Stava invecchiando, il che era un processo incontrollabile. Non aveva più l'agilità di ragazza, ma la vecchiaia le aveva regalato una certa saggezza a lei piacevole.

"Perchè hai aiutato quell'umana?" Kyà non era arrabbiato, soltanto confuso dal cambio di comportamento della cartomante. Non aiutava spesso gli umani, consigliarli non era suo compito.

Eppure, per la prima volta dopo decenni, aveva fatto un'eccezione.

"Ha sofferto abbastanza, non credi?" Vårdande provava pena per la giovane, sin dalla prima volta in cui l'aveva vista da bambina.

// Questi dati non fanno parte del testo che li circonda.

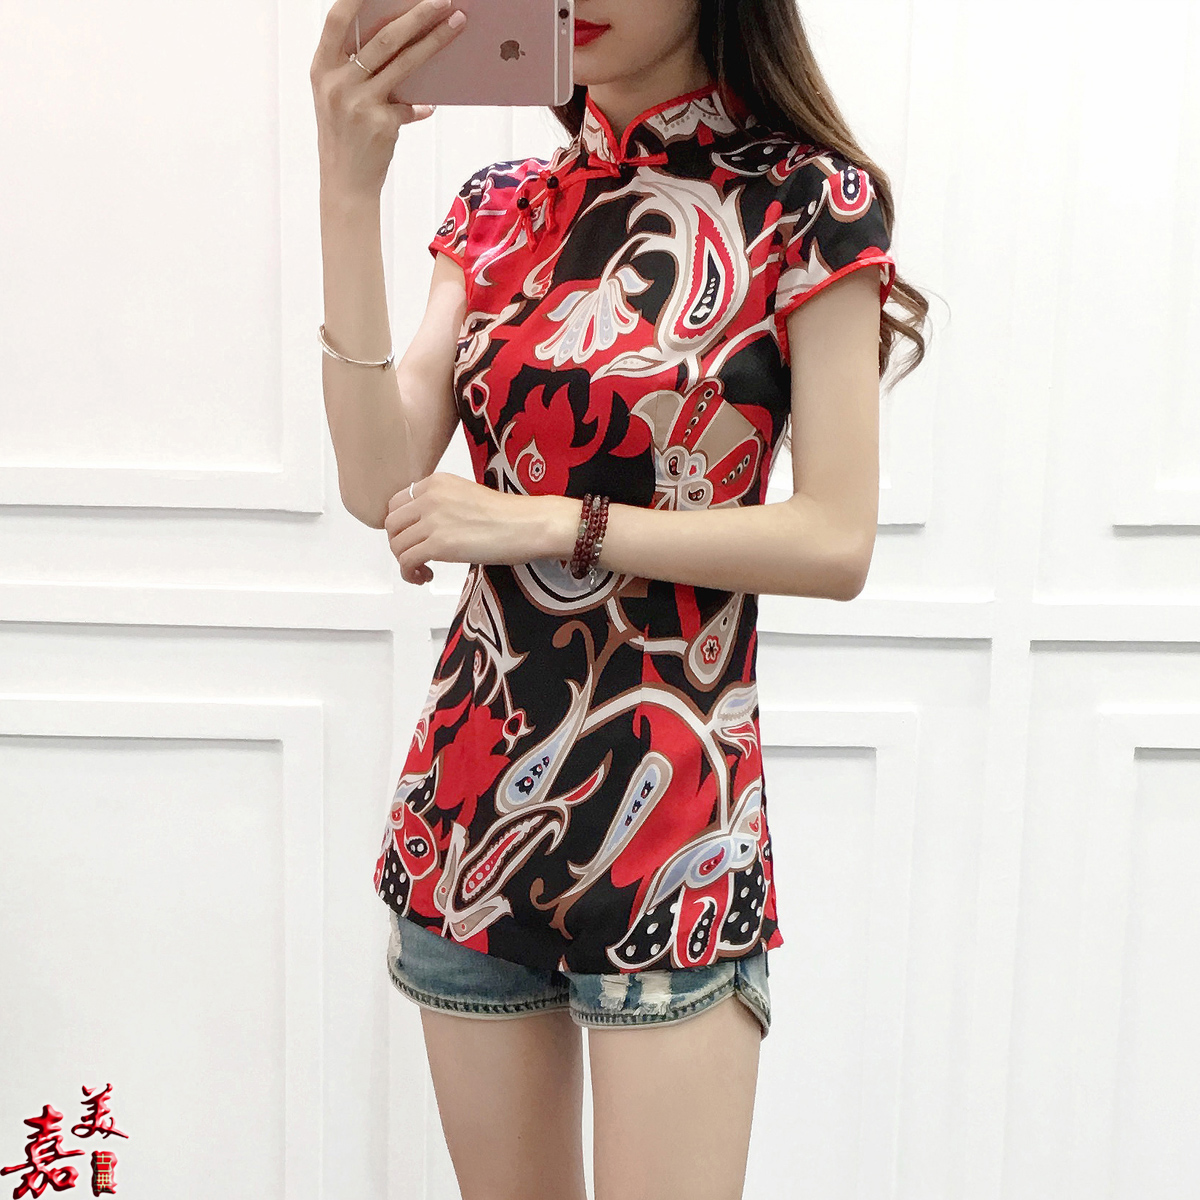 中式民国风女装夏季新款唐装中国风修身改良透气旗袍上衣唐装女士

Non meritava di vivere tra le angherie dei Quattro, ne di far parte del loro piano malato. No, Vårdande non avrebbe accettato uno scherzo del destino come quello. Non importava se le Dee l'avrebbero punita, ormai si era decisa.

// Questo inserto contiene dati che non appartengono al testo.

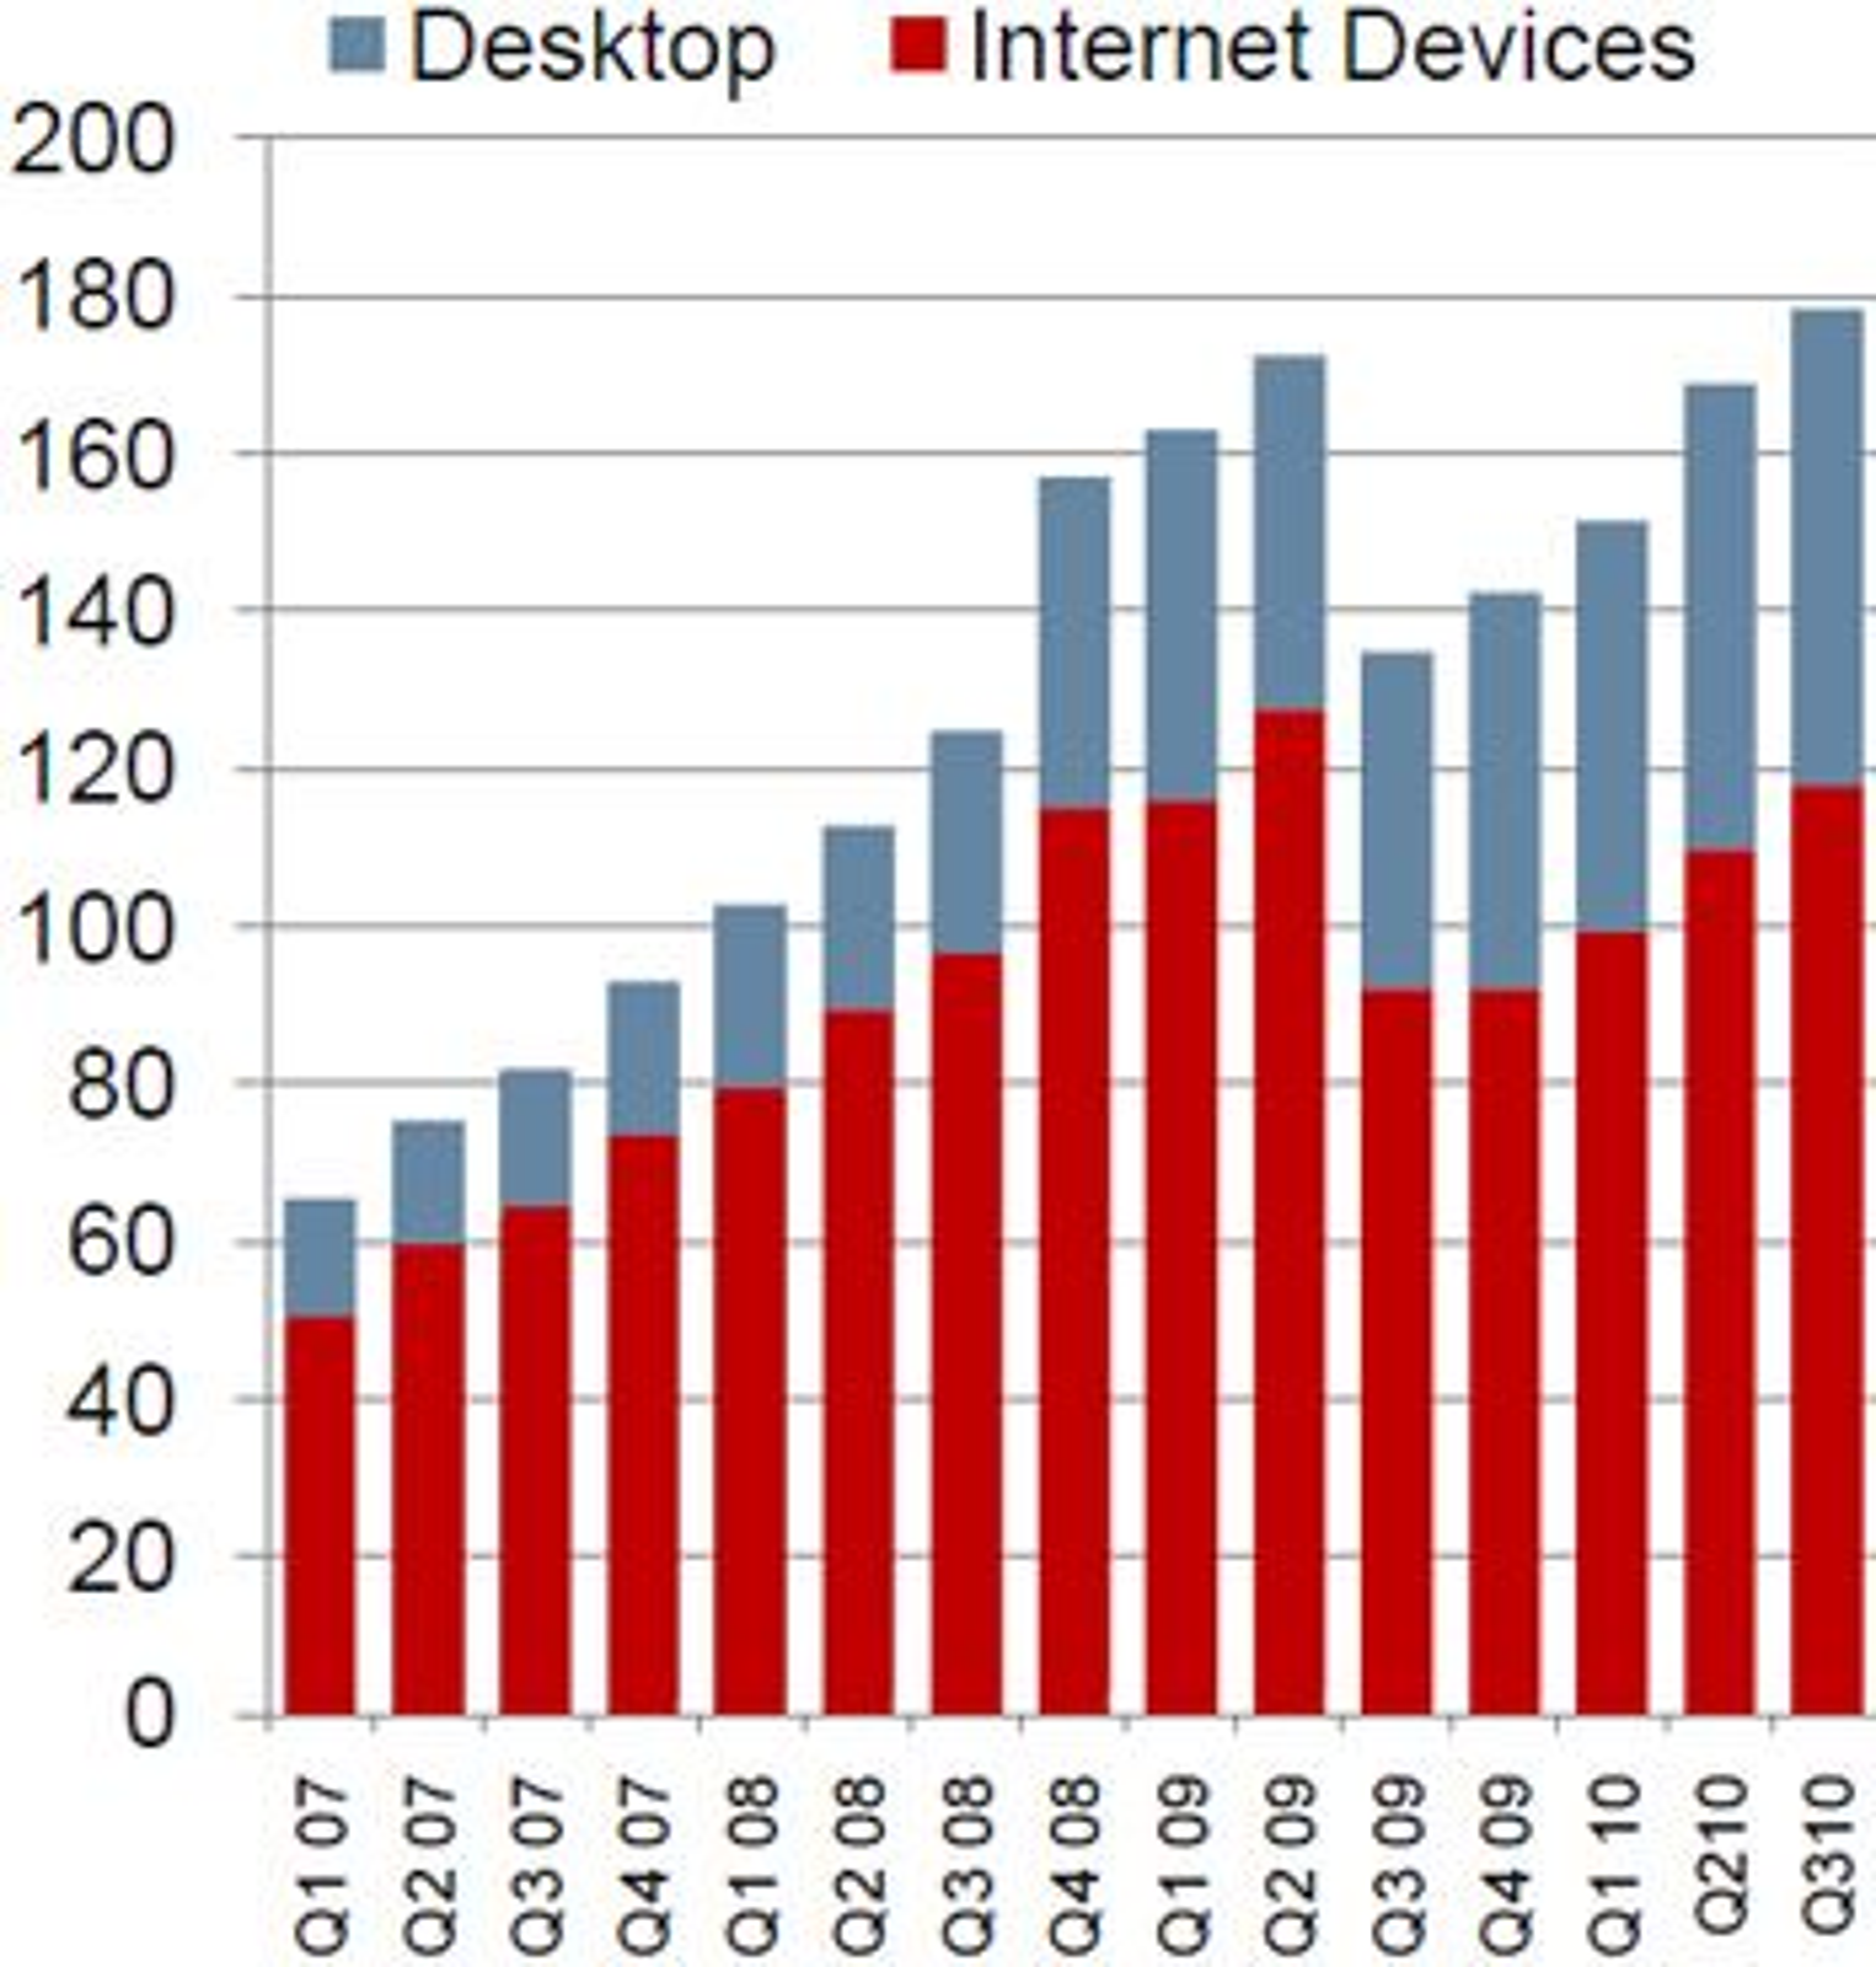 Omsetning til Opera Software de siste femten kvartalene, i millioner kroner, fordelt på pc-er og andre enheter, i hovedsak mobiltelefoner.

"E cosa vuoi fare, vecchia impietosita? Ormai Styrkur l'ha scelta, e la ragazza non sembra esserne particolarmente addolorata." Kyà odiava quel posto, ogni momento in più che passavano lì lo rendeva incline alla rabbia.

Era sempre stato un gatto piuttosto incattivito, qualsiasi altra cartomante se ne sarebbe liberata, ma non Vårdande.

"La ragazza non si addolora di nulla, mio fidato amico. Devo ricordati che è un'accidiosa? Dobbiamo aiutarla prima che la trasformino in un assassina o, peggio, in una martire."

Riusciva ad immaginare la scena, sentendo lunghi e freddi brividi percorrerle la schiena. Accese quindi un bastoncino d'incenso, lasciando che purificasse l'aria, facendo rilassare il piccolo corpo snello di Kyá.

Erano passati tre giorni da quando si trovava lì, e ancora non aveva aperto una seduta con le Dee. Si era procurata però tutto quello che le serviva: fiori di loto, rosmarino, sale rosa ed una fialetta contenente il sangue di tutti i quattro figli delle Dee.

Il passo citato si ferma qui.